We are looking to start a D&D 3E group, but we will probably switch to 3.5 when the rules come out.  The world is a homebrew (like many others), but just about any genre and / or play style can be accommodated within reason.  To get a feel for what we’re talking about, please check out my campaign website at The Worlds of Saba Taru.  It’s not for everyone, but we like it.  

*About us:*  We are a married couple in our late 20s looking for people around the same age to game with.  We love to laugh and have fun, so long as it doesn’t interfere too much with gameplay, and while we have our uptight moments, we’re usually pretty laid back.  Currently, we live in Bowie, MD, and we aren’t adverse to driving a little (20 to 30 mins).  We have 2 cats, so people with allergies should be warned.  We do not smoke, and ask that people not smoke while at our home.

We usually take turns as DM, so it’s not unusual for one of us to take a break and the other one to start up a new campaign.  We play with a mixture of roleplay and rollplay, the emphasis switching from session to session.  Sometimes we can be quite combat oriented, while other times can be roleplay intensive.  I like to think of it as a good mix of the two, but YMMV.

*What we’re looking for:*  Ideally, we’d love to meet and game with other couples, but we won’t say no to others as long as they mesh with our gaming style.  We don’t mind “newbies” and would be more than happy to introduce them to the d20 system.

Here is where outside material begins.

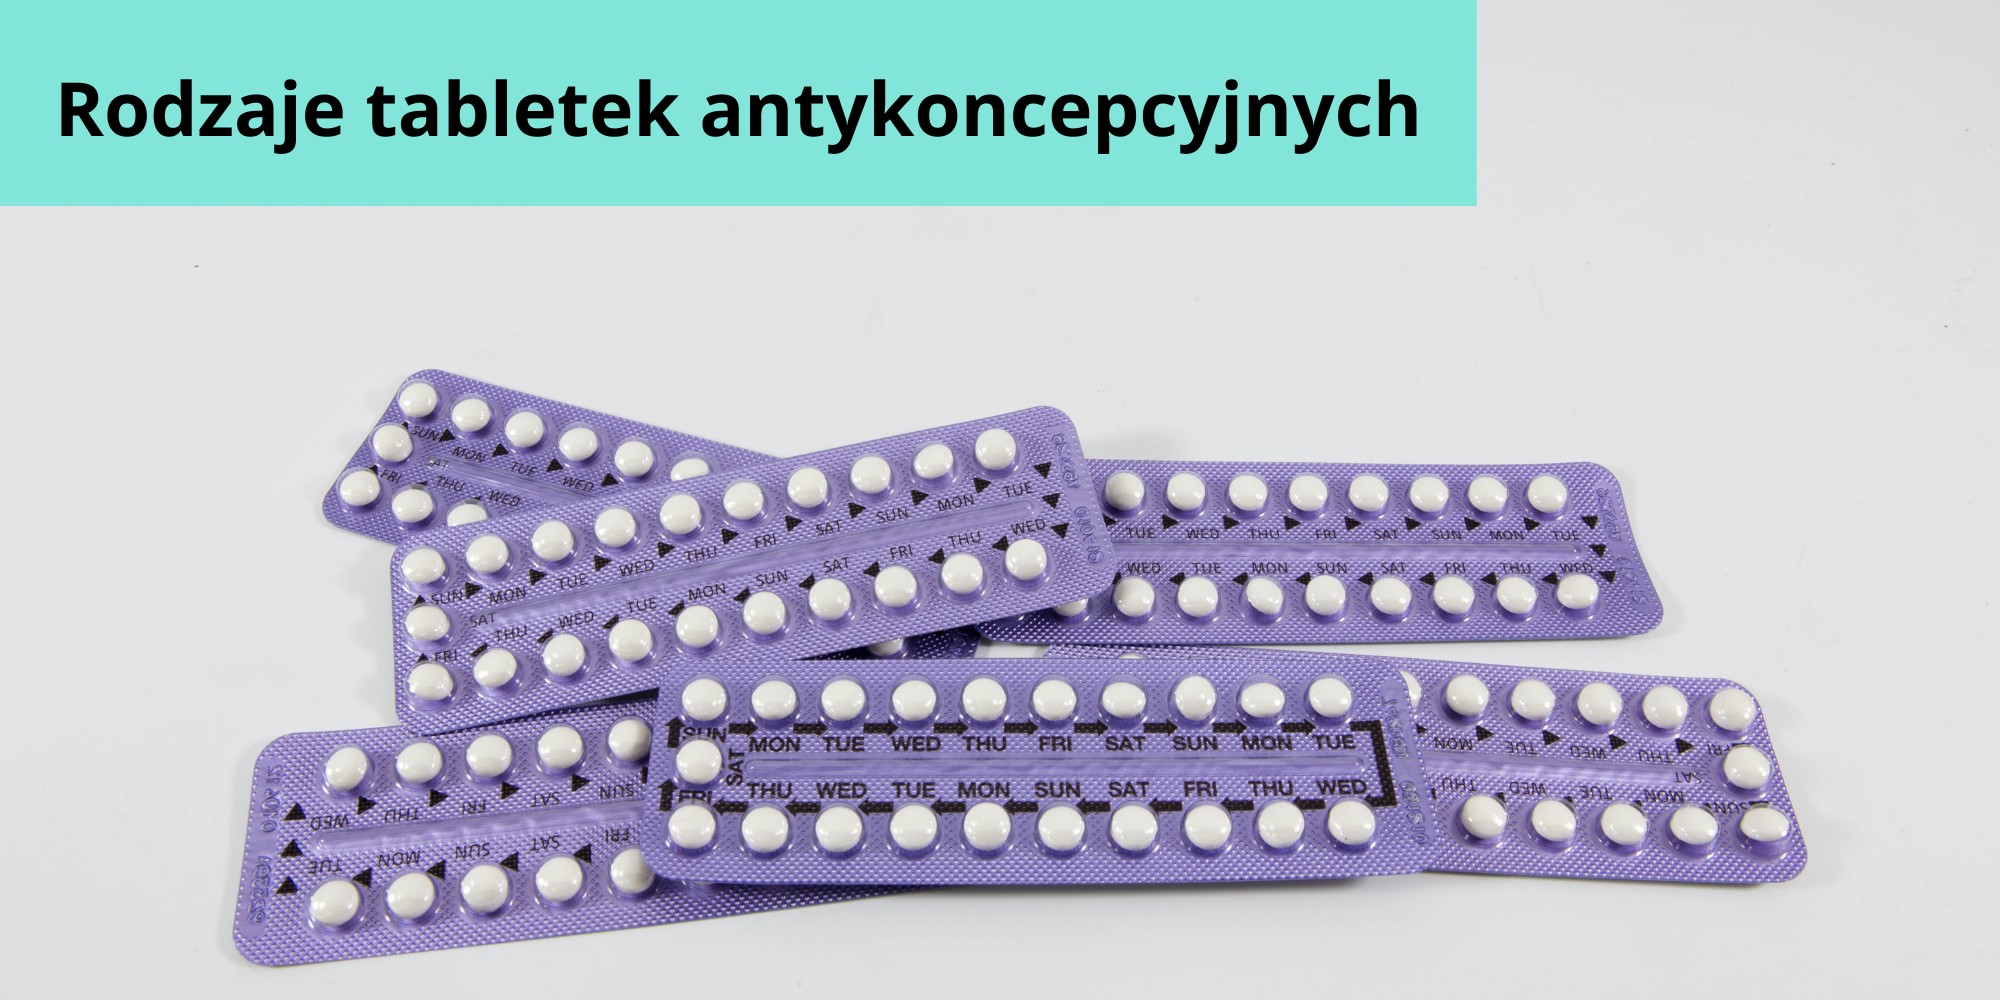 Rodzaje tabletek antykoncepcyjnych

We also don’t mind “mixing it up” as far as game systems are concerned.  We own core rulebooks for Decipher’s LotR RPG, StarWars RPG (although we didn’t enjoy this one much), d20 Modern, and probably one or two that I can’t recall right now.  We’d like to eventually try FFG’s Midnight CS, Ghostwalk CS, AEG’s Stargate RPG, StarTrek RPG, and anything else that looks interesting.  Acutally, we’d be delighted if a fellow group member wanted to try their hand at being a GM, but we’re more than happy to fill that role unless or until someone else wants to take over.

We can only game on the weekends, unfortunately, since our weekdays are usually booked solid with other things.  Games will also run around 4 hours, but we’re not afraid to extend that or cut it short by a couple hours as the sessions dictate.  Children can probably be accommodated (we have a fenced in back yard to play in and video games if all else fails) if the need arises, but we have no children (aside from ourselves) for them to interact with.  

If this sounds like something that you’d be interested in, please e-mail me at saba.taru@comcast.net.  I look forward to hearing from you.  

NOTE:  This is cross posted on the DCRPG yahoo groups site.


[edit]  ACK!  Forgot to mention that we'd like to get this going mid to late July.  Exact dates are negotiable.


----------



## Saba Taru (Jul 4, 2003)

*YaY!*

We finally have enough people to constitute a pretty good group.  I love these boards.  Thanks!


----------